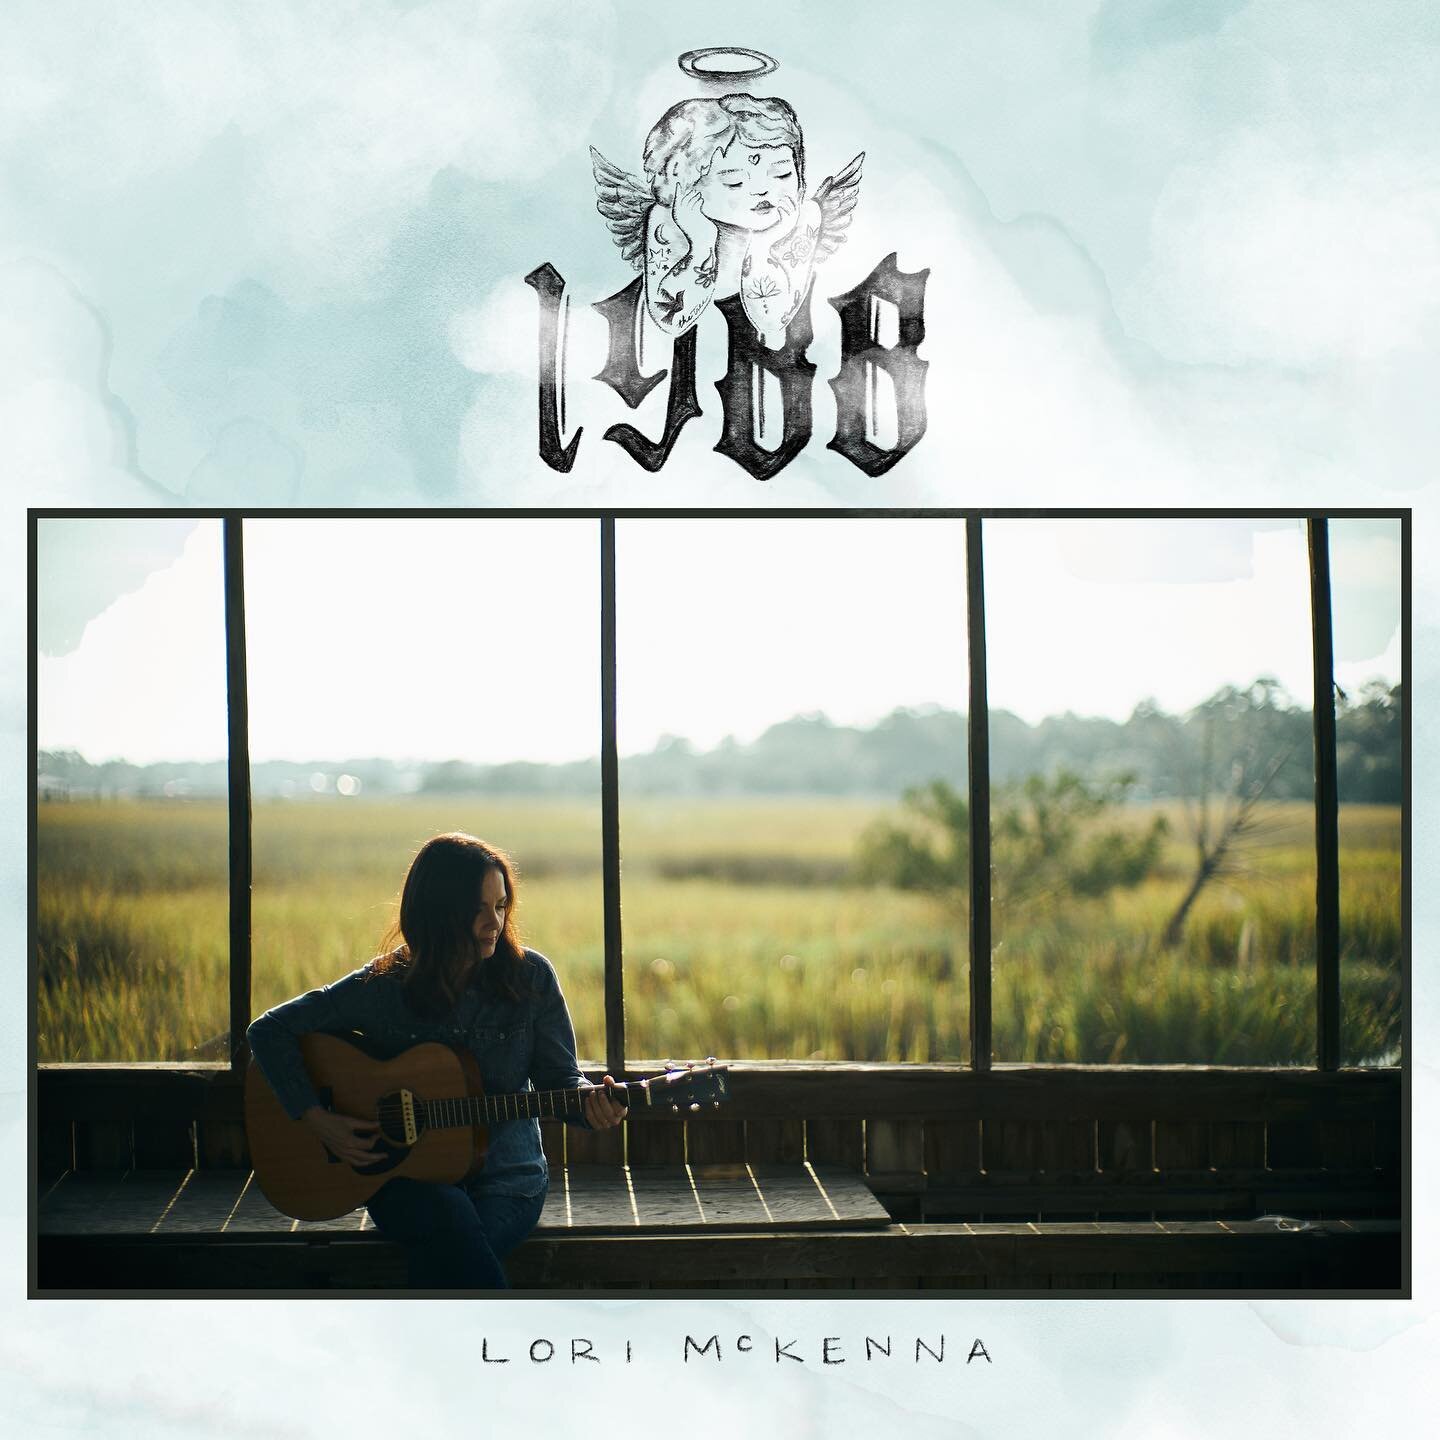 @lorimckennama just made a very big announcement 🫢

Her new album &ldquo;1988&rdquo; is coming out on July 21st! And the first single from the album is out today - &ldquo;Killing Me&rdquo; - written by @lorimckennama @lukerobert and @ifiwerehillaryl
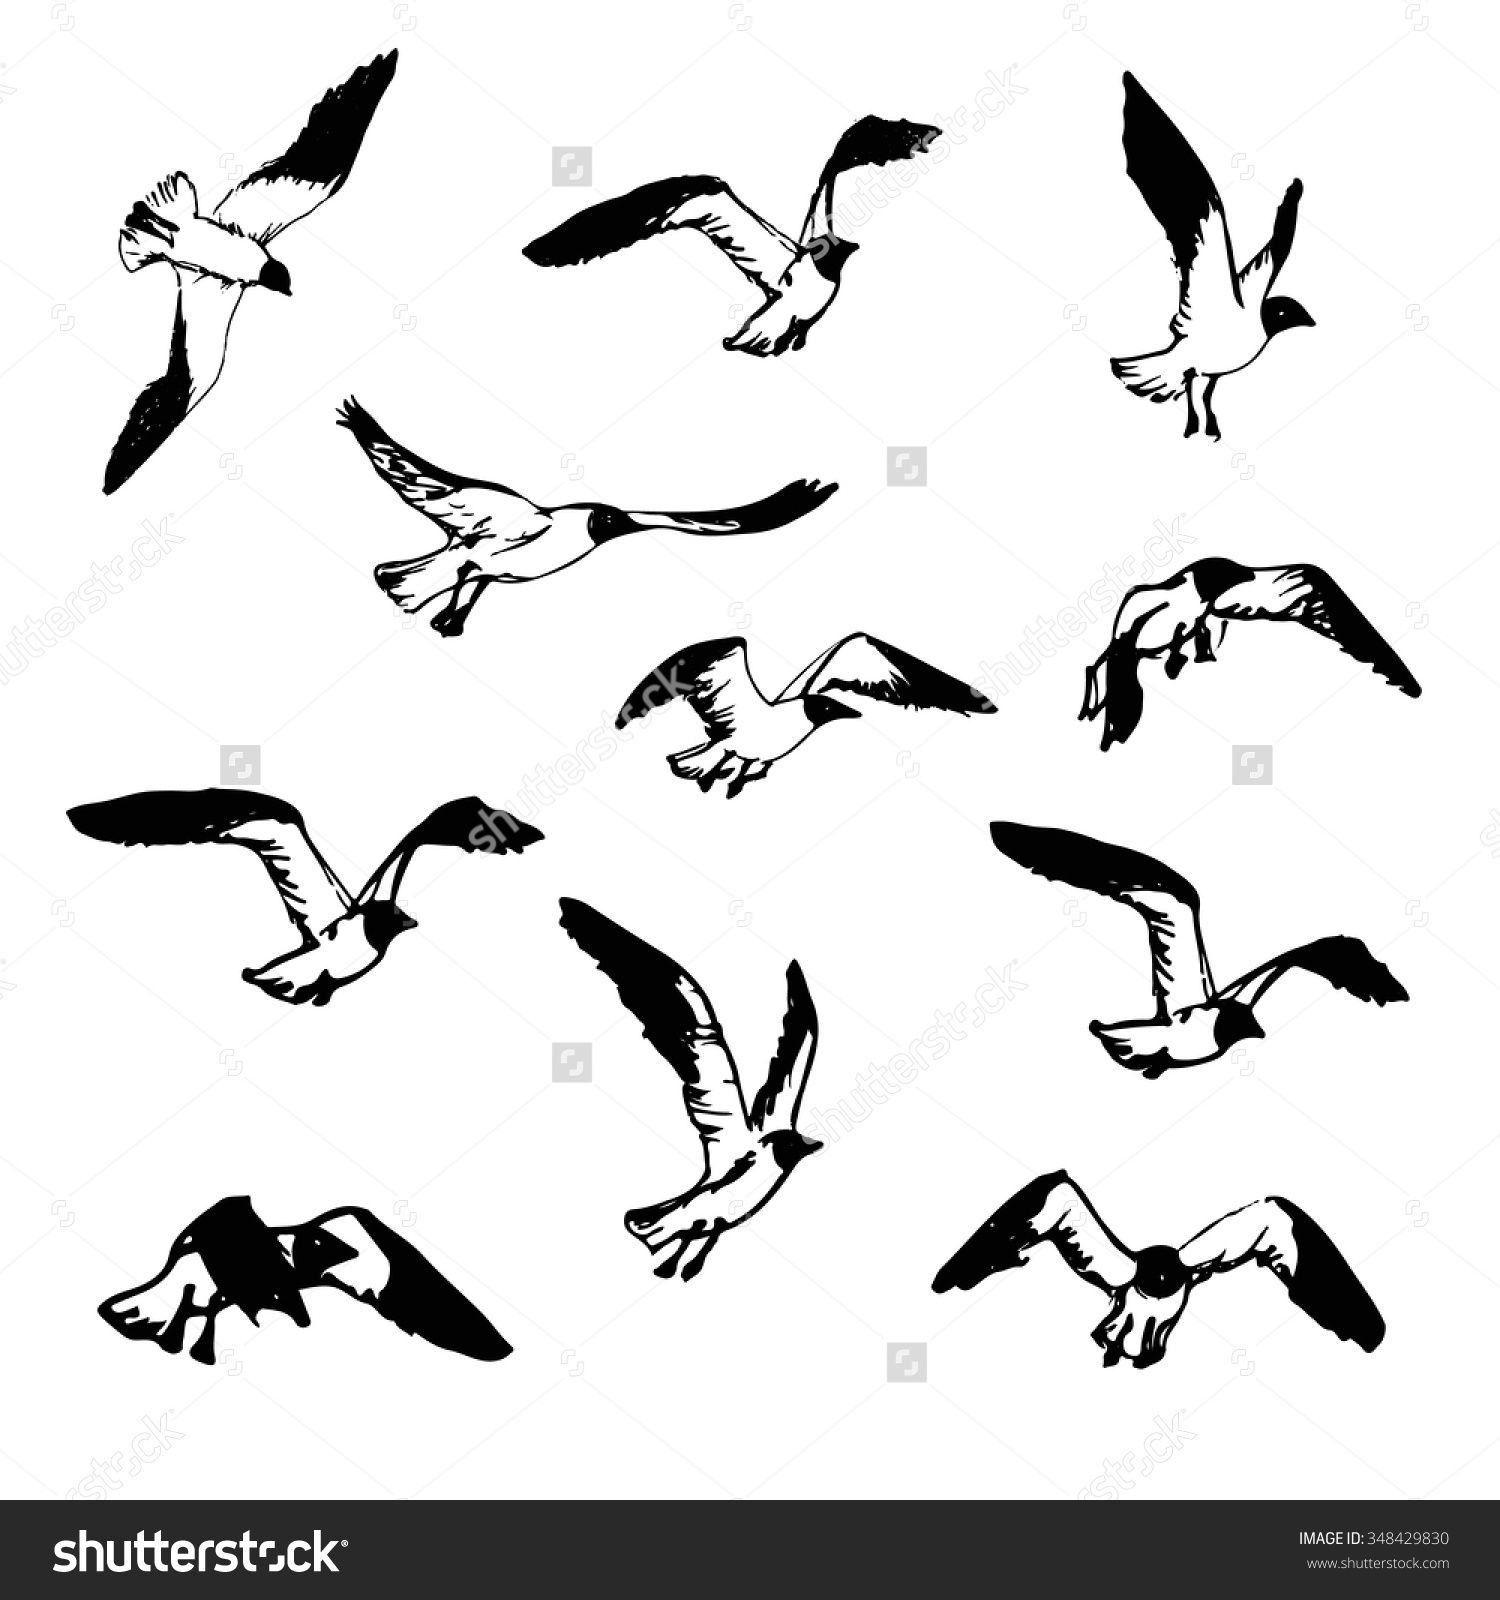 Hand Drawn Flying Seagulls. Black And White Illustration Sketch ...
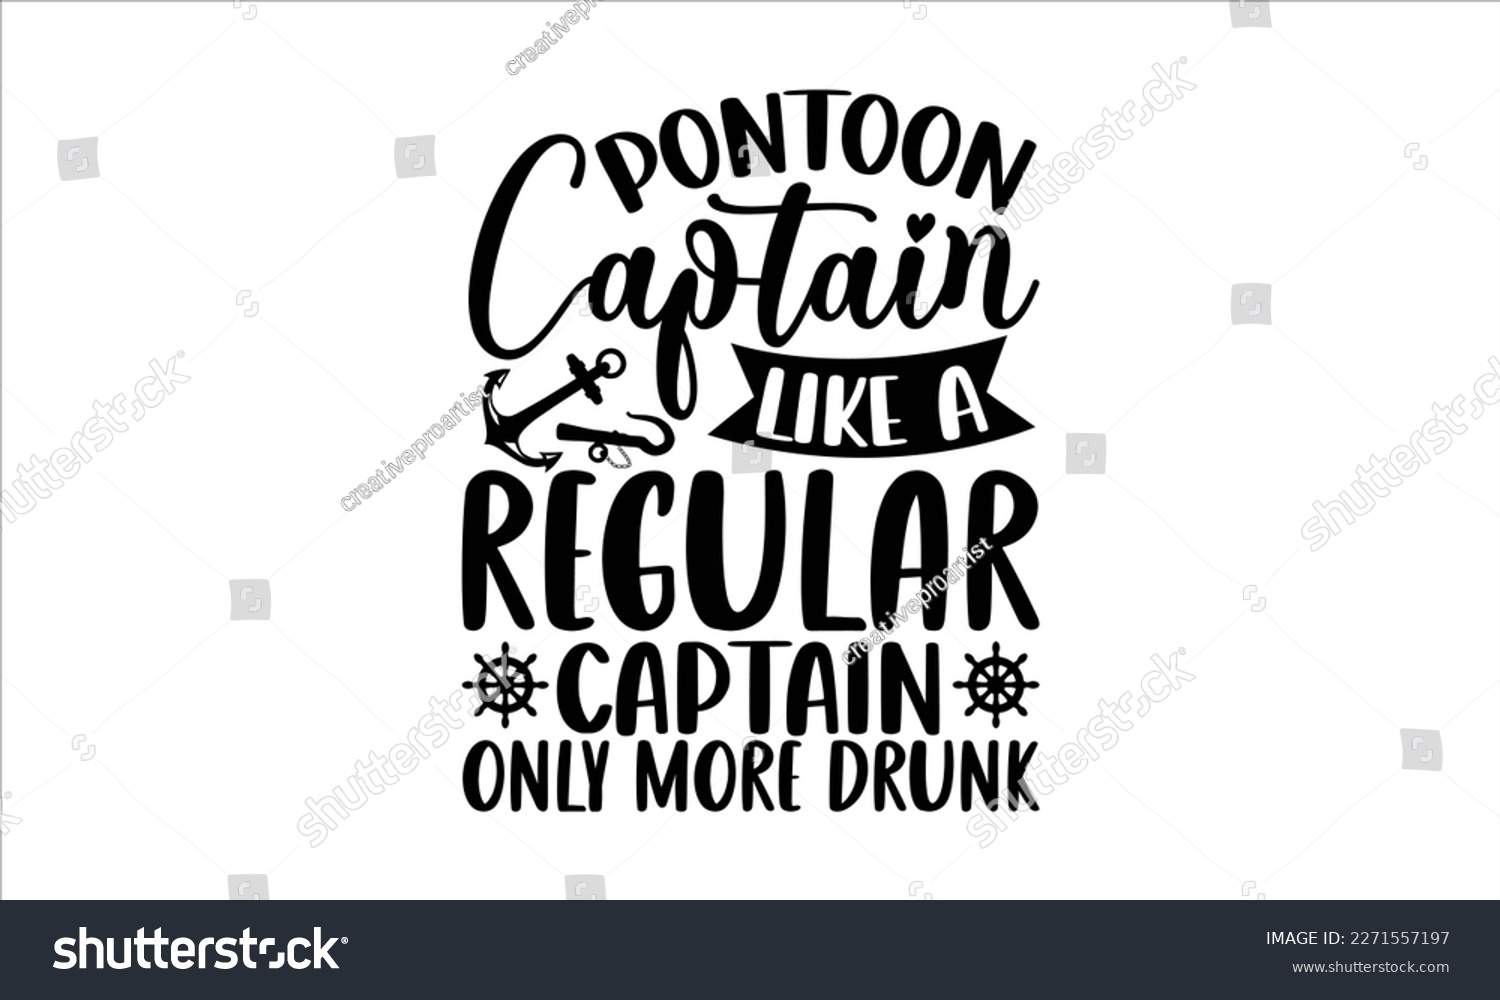 SVG of Pontoon captain like a regular captain only more drunk- Boat t shirt design, Handmade calligraphy vector illustration, Svg Files for Cutting Cricut and white background, EPS svg
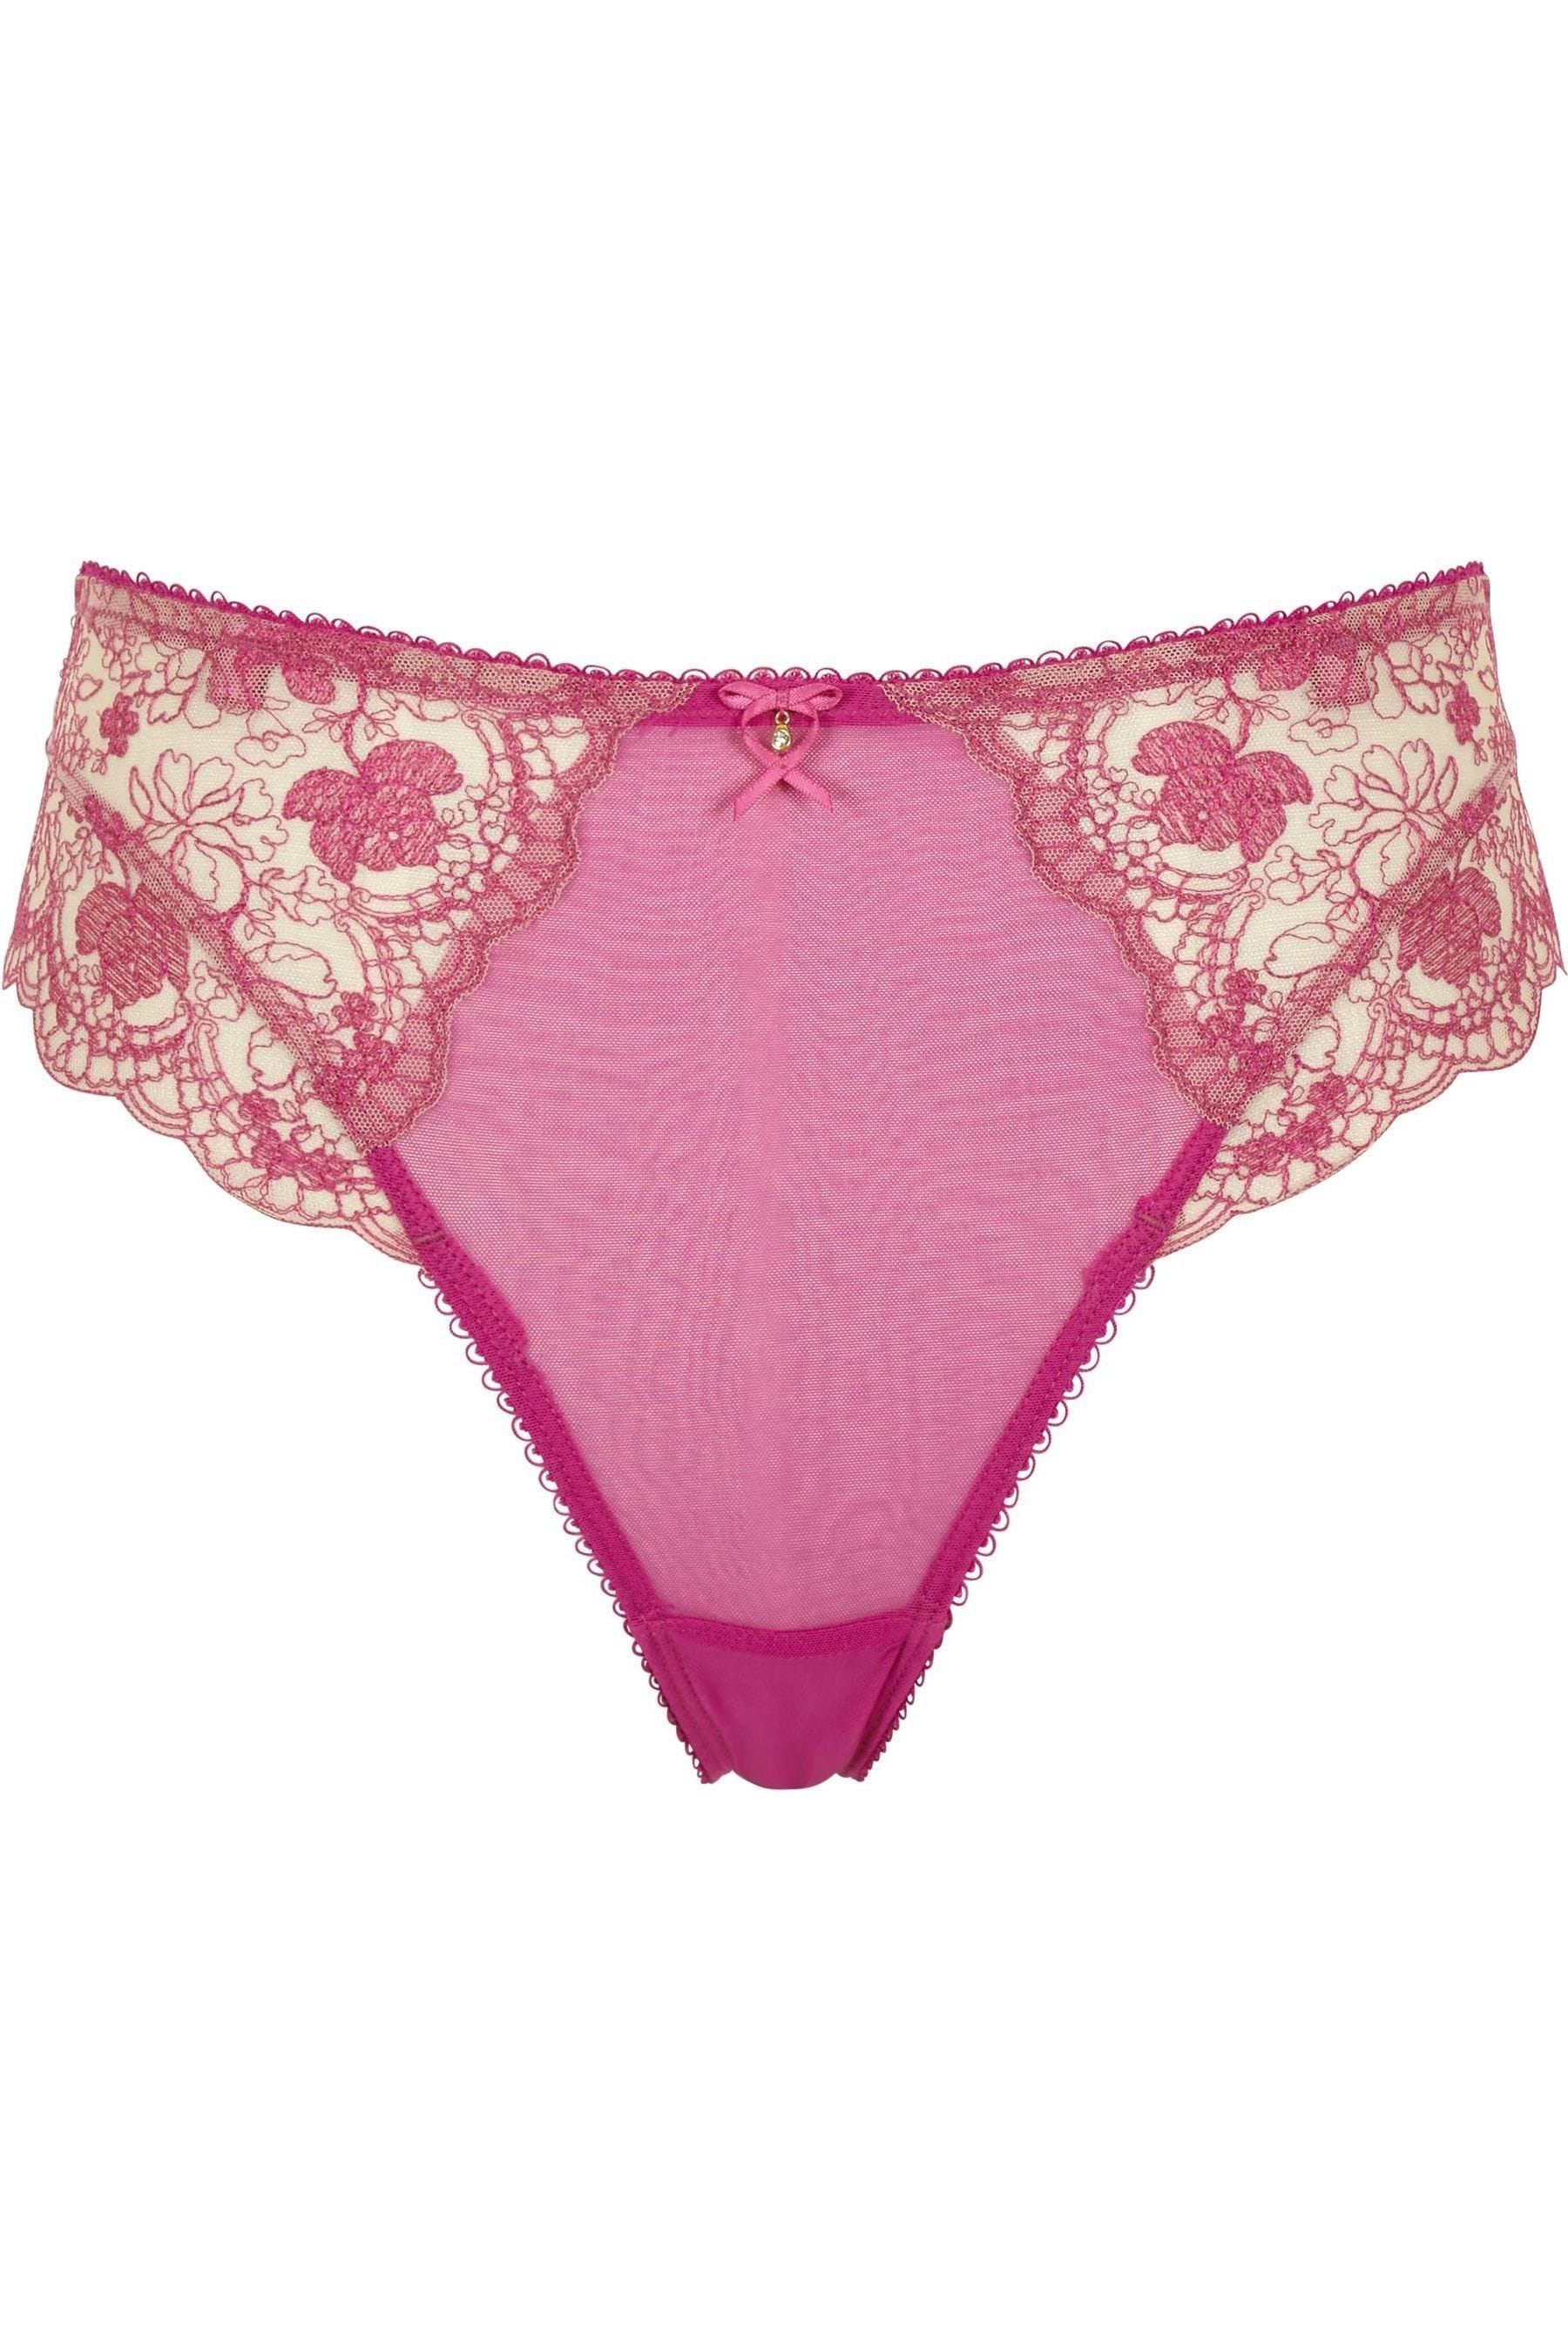 Buy Cleo by Panache Pink Orchid Daphne Suspender Briefs from the Next ...

◆ ◆ ◆ ◆

• Requirement
Please copy the lines above, starting at the one that holds "SVG of Pontoon" and stopping after the last line, exactly as they appear and minus the pictures.

• Expected answer
 SVG of Pontoon captain like a regular captain only more drunk- Boat t shirt design, Handmade calligraphy vector illustration, Svg Files for Cutting Cricut and white background, EPS svg
 Buy Cleo by Panache Pink Orchid Daphne Suspender Briefs from the Next ...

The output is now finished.